My family and I are fairly new to the Payson community. I'm not normally the type to write Letters to the Editor, but after reading one of the front page stories titled, "Pet Owners outraged after brutal cat killing spree," I felt compelled to write this letter. My wife and I were horrified to hear of this killing spree. After reading the letter, my wife started to cry, thinking, "What if this was one of our pets?" It is the type of story that is hard to get out of my head.
I think everyone in our community needs to be "outraged." My children are grown now, and I'm thankful they are not attending Payson High School with these type of boys. The video shown at school of the teens killing a cat was particularly disturbing.
The editor's comment that this is "sociopathic" behavior is absolutely correct. I hope the high school is taking the necessary steps, possibly even expulsion, to make these teens and their parents realize the seriousness of this situation.
I also challenge the other students to come forward with any additional information they have about the boys' behavior. This type of thing cannot be tolerated.
Our sympathies go out to the families who lost their pets. The Garners' story was very moving. It is hard enough to lose a pet to old age or illness, but to have one taken from you in such a cruel, brutal manner is quite another thing.
The boy's excuse for killing Moggie was that he thought it "looked" like a feral cat. Well, from the interview, it is obvious that he was not feral, but a loved companion. He was just an easy target for a boy who obviously has no respect or value for life.
Even if Moggie had been feral what right did this boy have to kill any cat?

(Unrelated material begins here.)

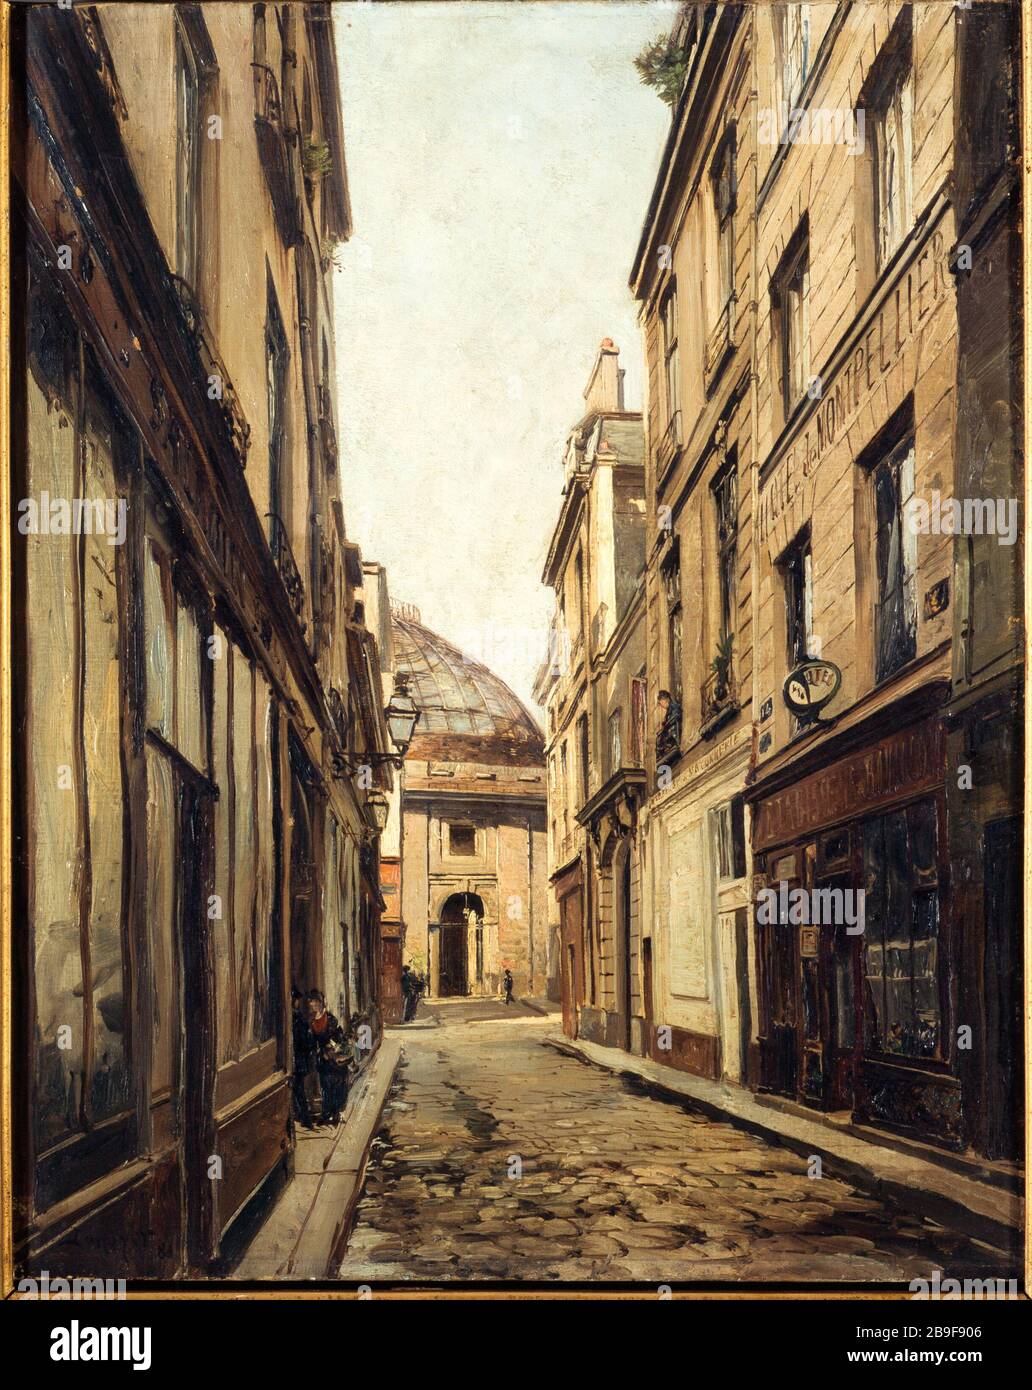 The street Sauval Maurice Emmanuel Lansyer (1835-1893). 'La rue Sauval'. Huile sur toile, 1886. Paris, musée Carnavalet. Stock Photo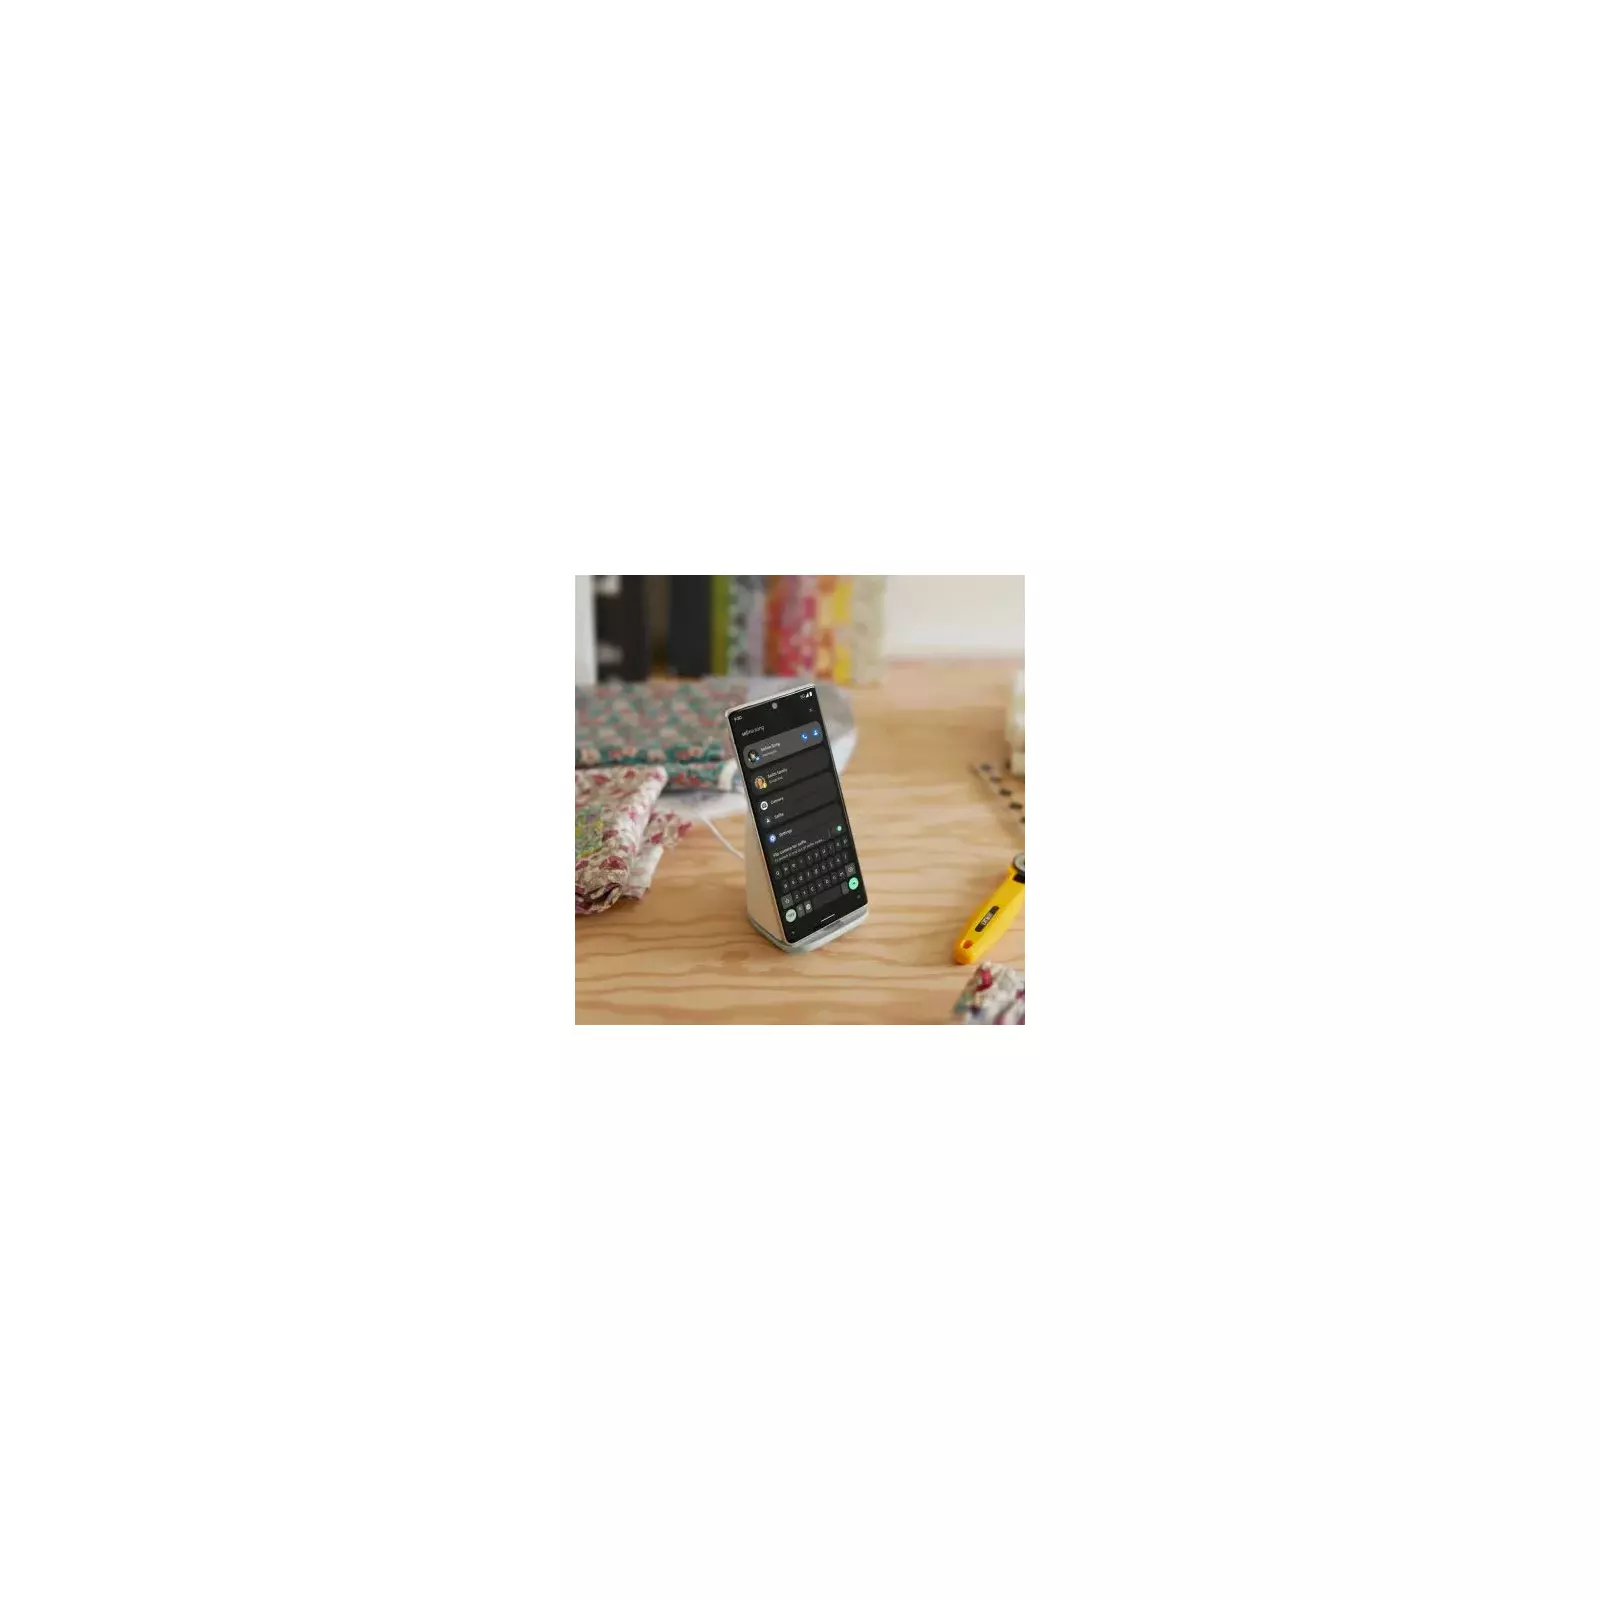 Google Pixel Stand (2nd Gen) – Google – Mobile phones

The article mentions that Ms. Rogers has taken in feral cats, some of which are now missing. The only reason there are feral cats is because people do not spay or neuter their cats. I admire Ms. Rogers for taking care of these homeless animals and spending her own money to spay and neuter them.
Every cat we have ever owned was a stray, homeless and just needed a chance in life. Each one -- once adopted, spayed or neutered -- turned out to be a wonderful and treasured pet.
I urge the police, courts, school officials and Payson Humane Society to take all the necessary steps to see that these boys' evil acts are stopped.